For testing cross-tracer mapping, we used Aβ-PET data from three large longitudinal aging and AD cohorts: ADNI, AIBL, and HABS. For the purposes of this study we will only describe the participants from the cohorts that fulfilled criteria relating to their Aβ-PET scan. We accessed raw imaging data for ADNI and AIBL directly from LONI (http://loni.usc.edu/). AIBL and ADNI data collection methodology has been previously reported (Aisen et al., 2010; Ellis et al., 2009). For HABS, the data acquisition parameters are described below (Dagley et al., 2017).

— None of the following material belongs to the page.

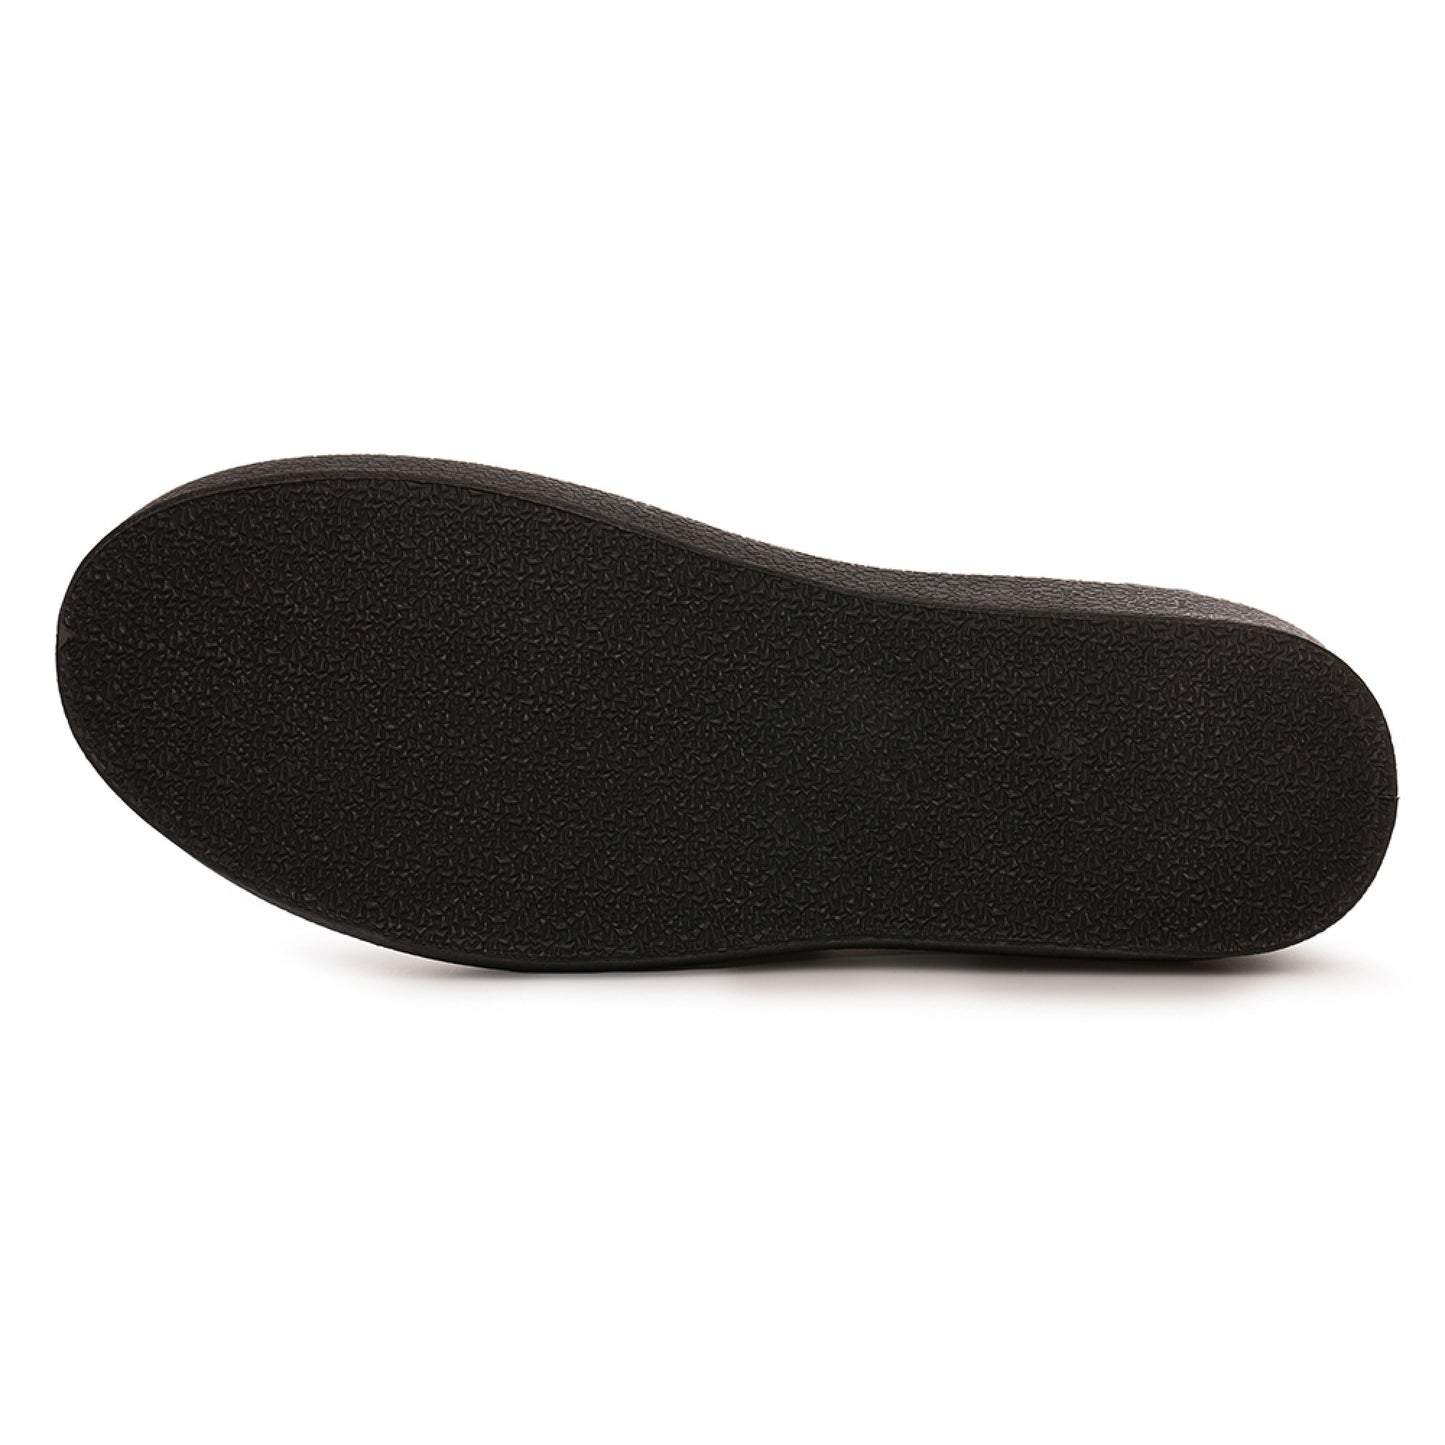 Men's Cord Adjustable Easy Close Bootie Slippers with Fleece Lining

The combined number of participants in our study was 838 clinically-normal older adults (ADNI: 349, AIBL: 184, HABS: 305), with an age range of 55–94 years (Female (%) = 55.4; Clinical Dementia Rating score = 0). This restriction to clinically normal older adults was undertaken to ensure comparability between the samples, as HABS, which comprises the majority of the PIB sample, contains only asymptomatic subjects at baseline. ADNI includes a subjective cognitive decline group, which was included as clinically-normal in the current study.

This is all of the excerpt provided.